In an individual carrying an abnormal number of X chromosomes, cellular mechanisms will inactivate all but one X in each of her cells. As a result, X-chromosomal abnormalities are typically associated with mild mental and physical defects, as well as sterility. If the X chromosome is absent altogether, the individual will not develop.

Several errors in sex chromosome number have been characterized. Individuals with three X chromosomes, called triplo-X, appear female but express developmental delays and reduced fertility. The XXY chromosome complement, corresponding to one type of Klinefelter syndrome, corresponds to male individuals with small testes, enlarged breasts, and reduced body hair. The extra X chromosome undergoes inactivation to compensate for the excess genetic dosage. Turner syndrome, characterized as an X0 chromosome complement (i.e., only a single sex chromosome), corresponds to a female individual with short stature, webbed skin in the neck region, hearing and cardiac impairments, and sterility.

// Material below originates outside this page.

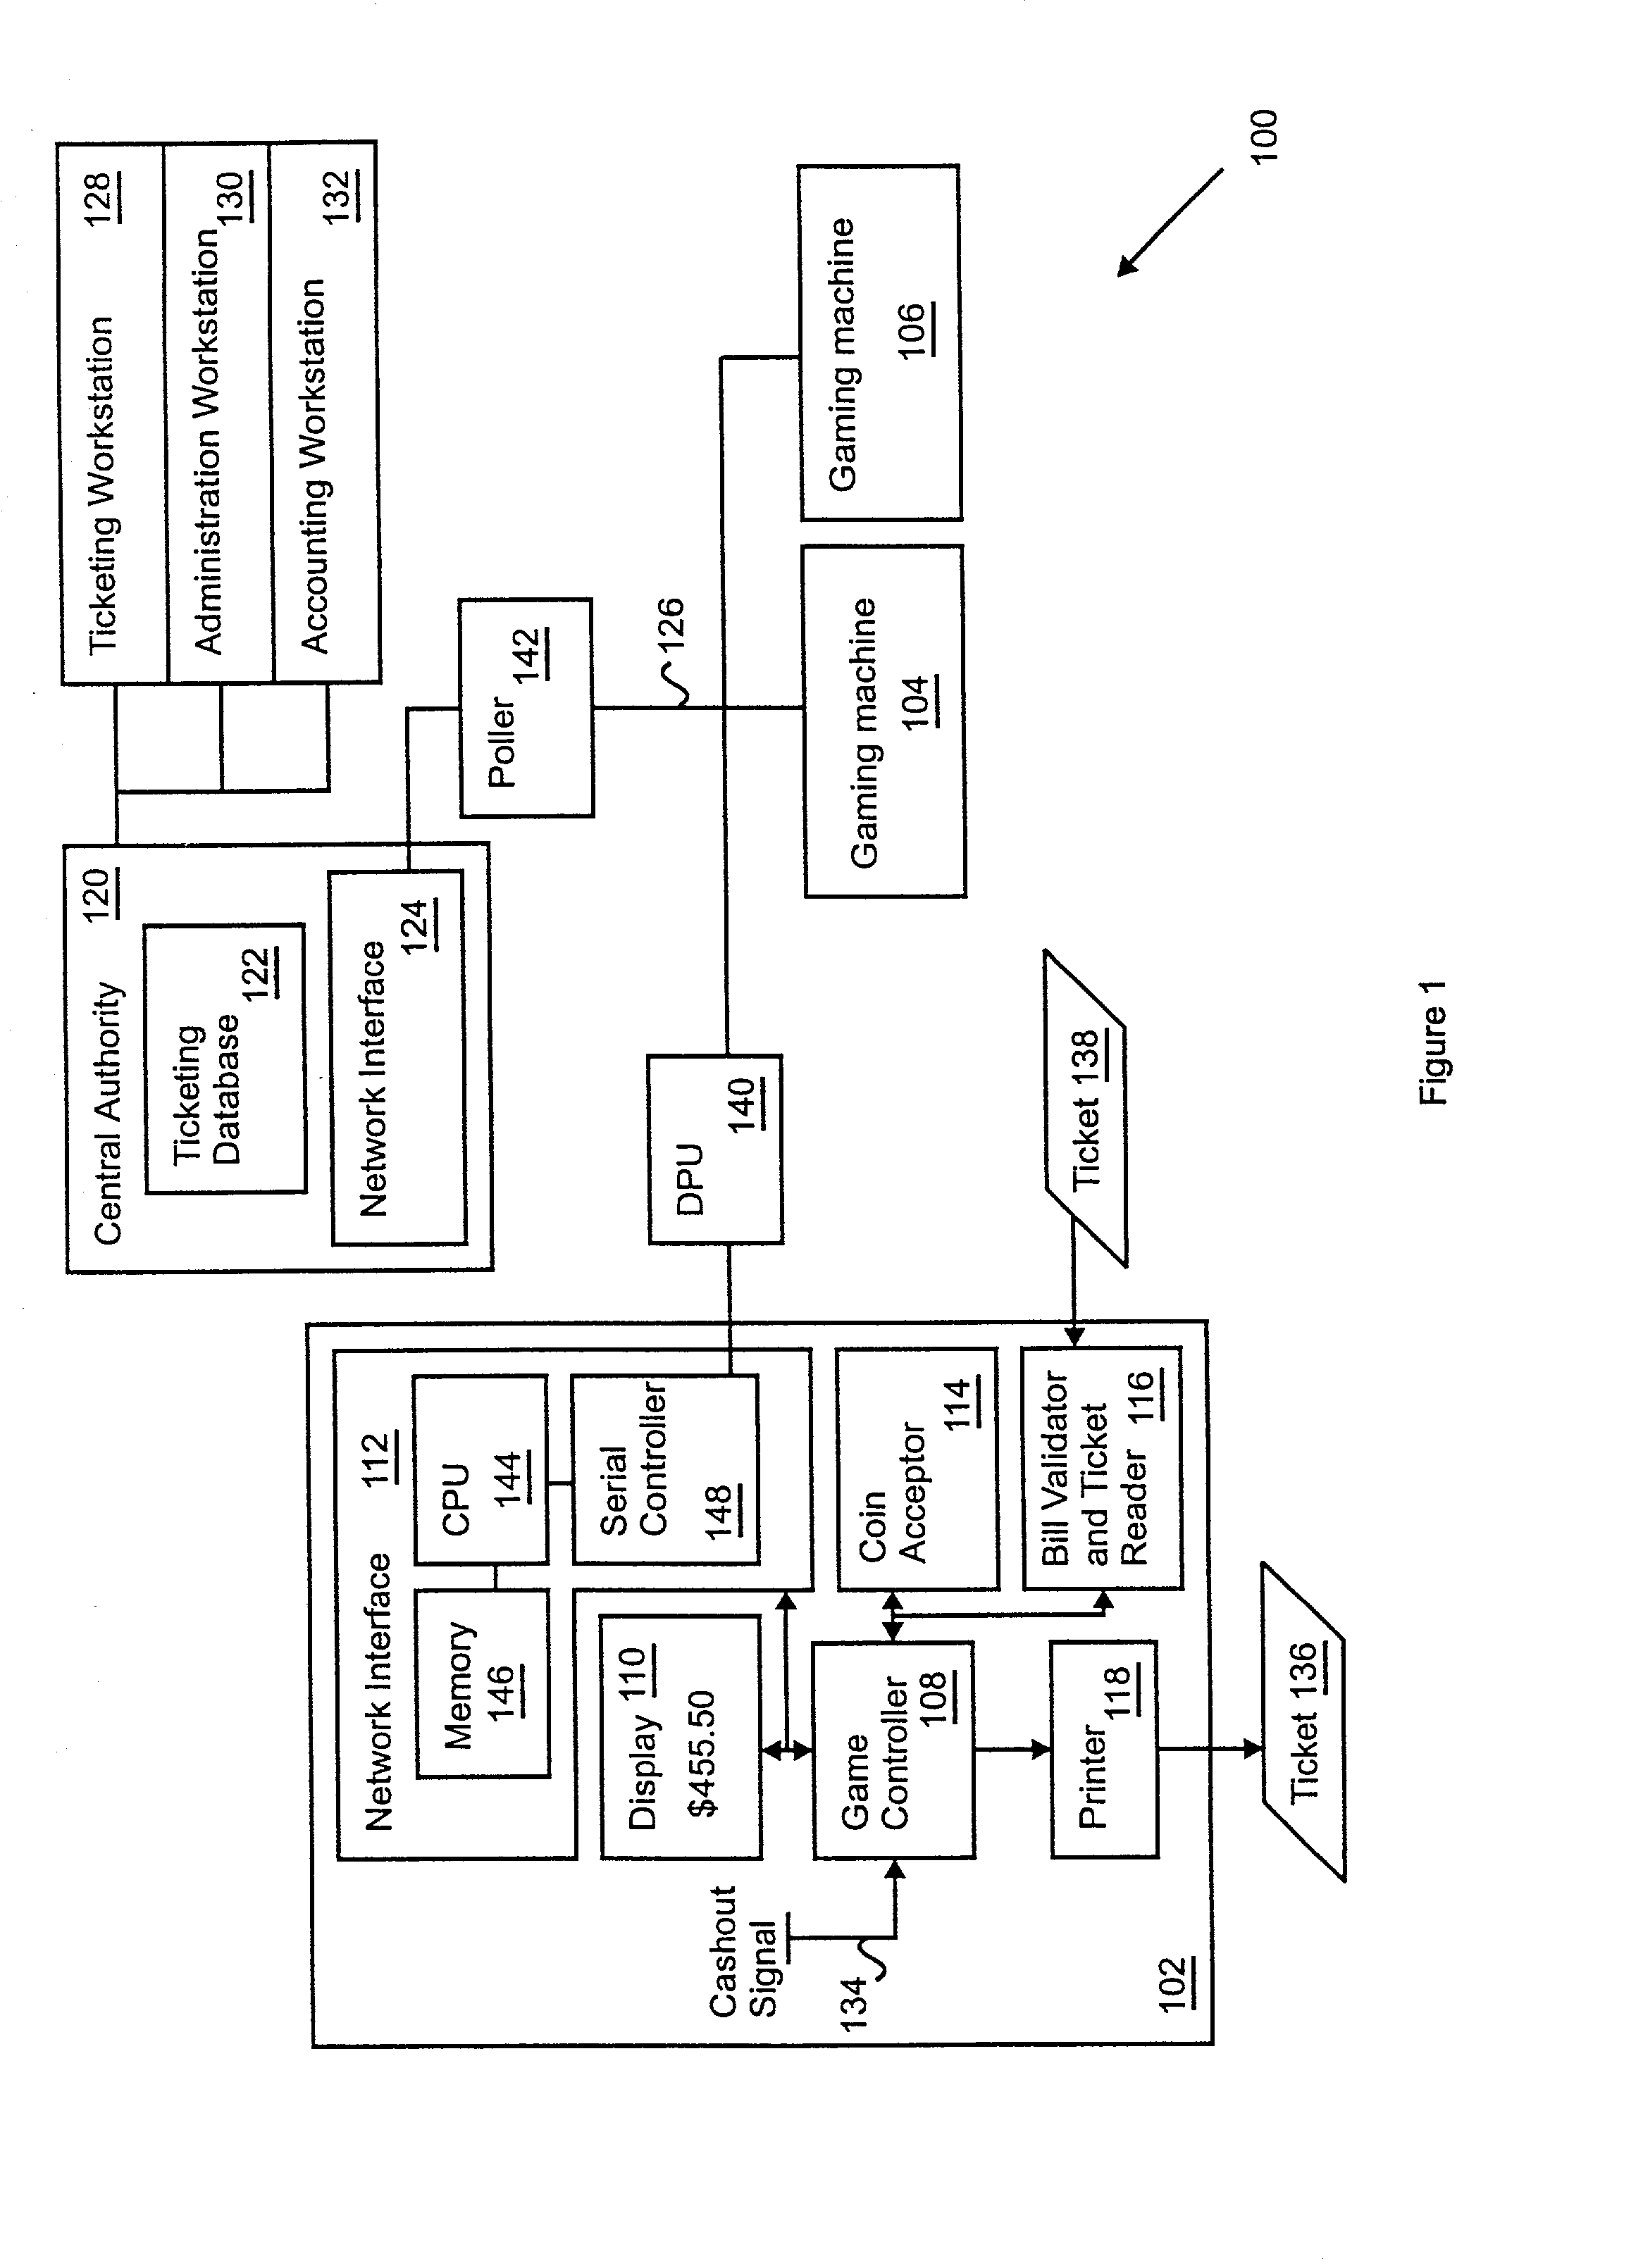 Apparatus and method for a cashless actuated gaming system
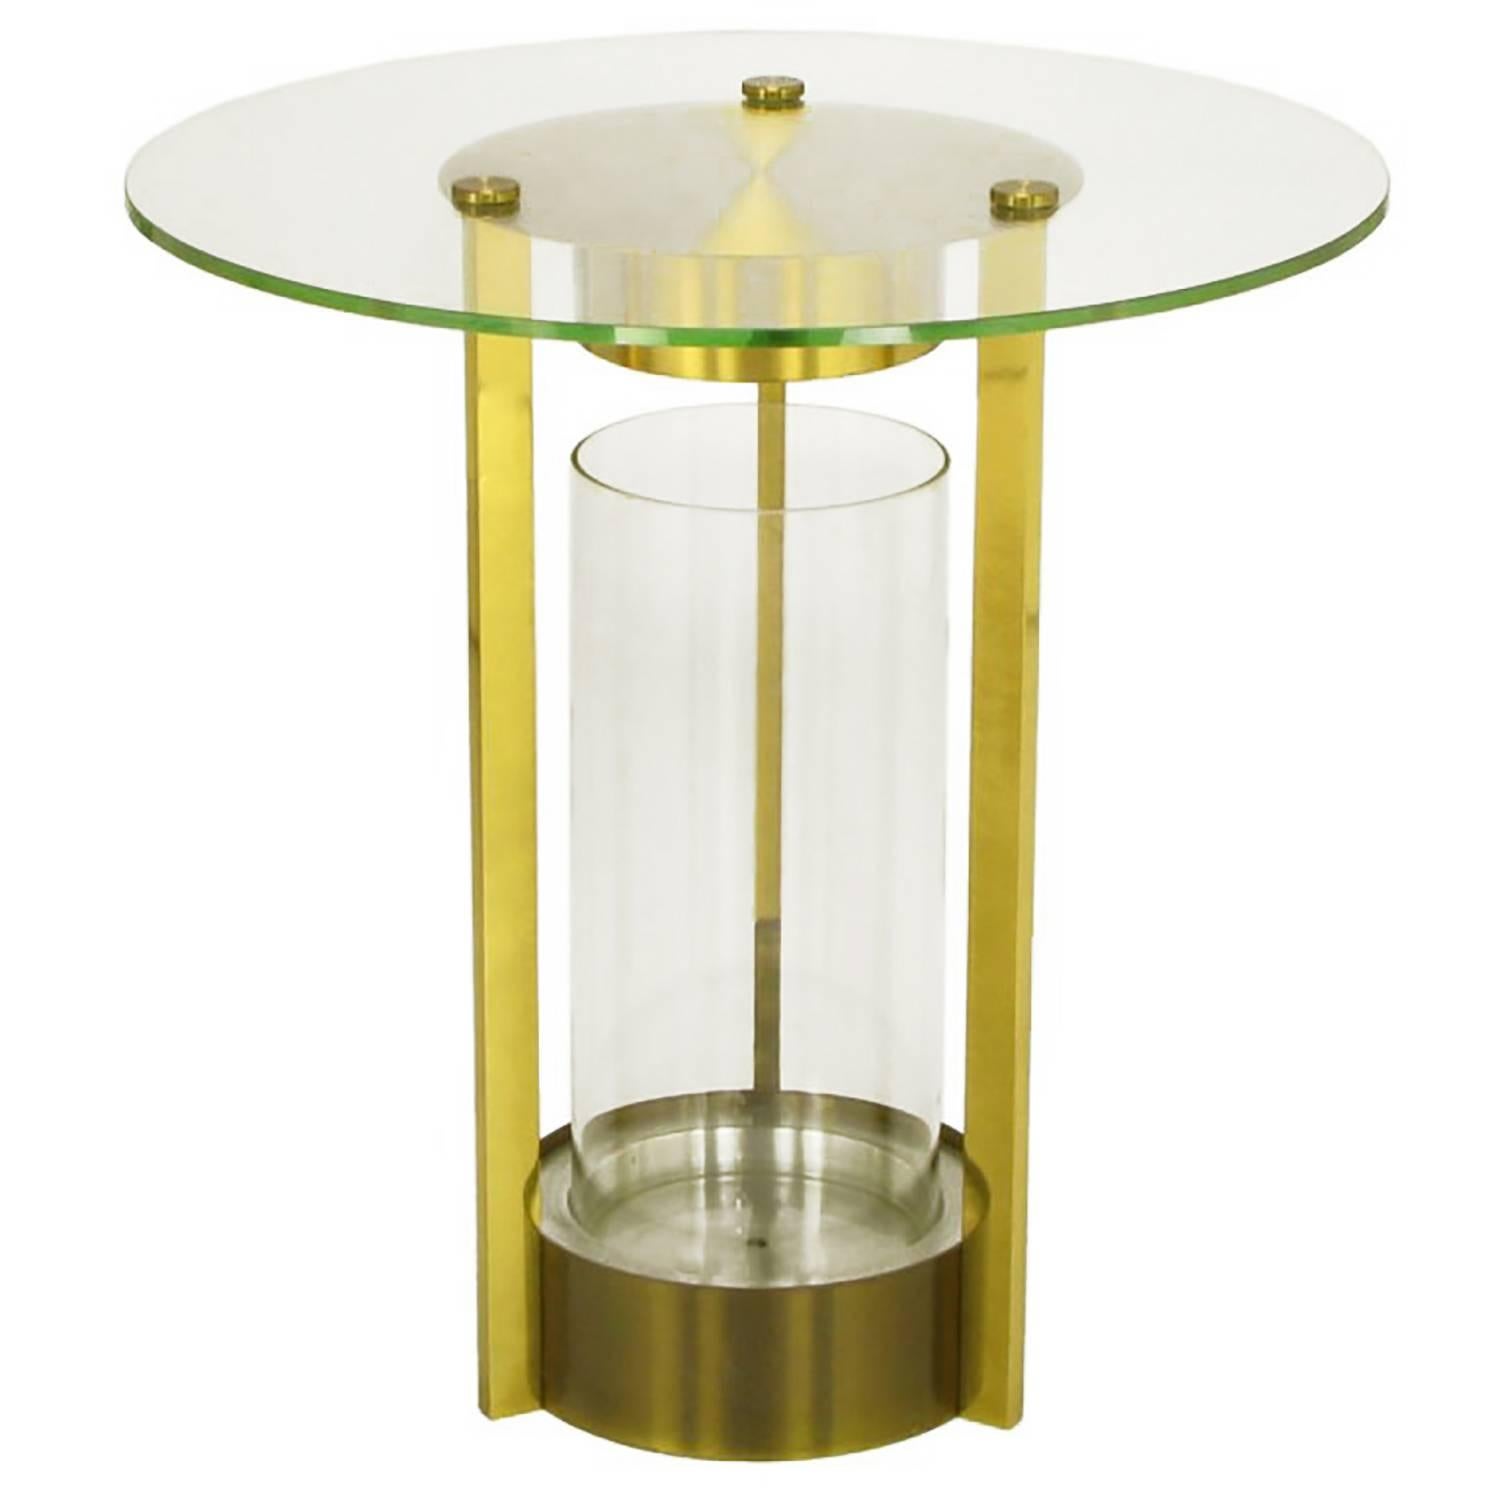 Illuminated Brass and Glass Cylindrical End Table, Dorothy Thorpe Attributed

Chromosome Structural Rearrangements

Cytologists have characterized numerous structural rearrangements in chromosomes, including partial duplications, deletions, inversions, and translocations. Duplications and deletions often produce offspring that survive but exhibit physical and mental abnormalities. Cri-du-chat (from the French for “cry of the cat”) is a syndrome associated with nervous system abnormalities and identifiable physical features that results from a deletion of most of the small arm of chromosome 5 (Figure 7). Infants with this genotype emit a characteristic high-pitched cry upon which the disorder’s name is based.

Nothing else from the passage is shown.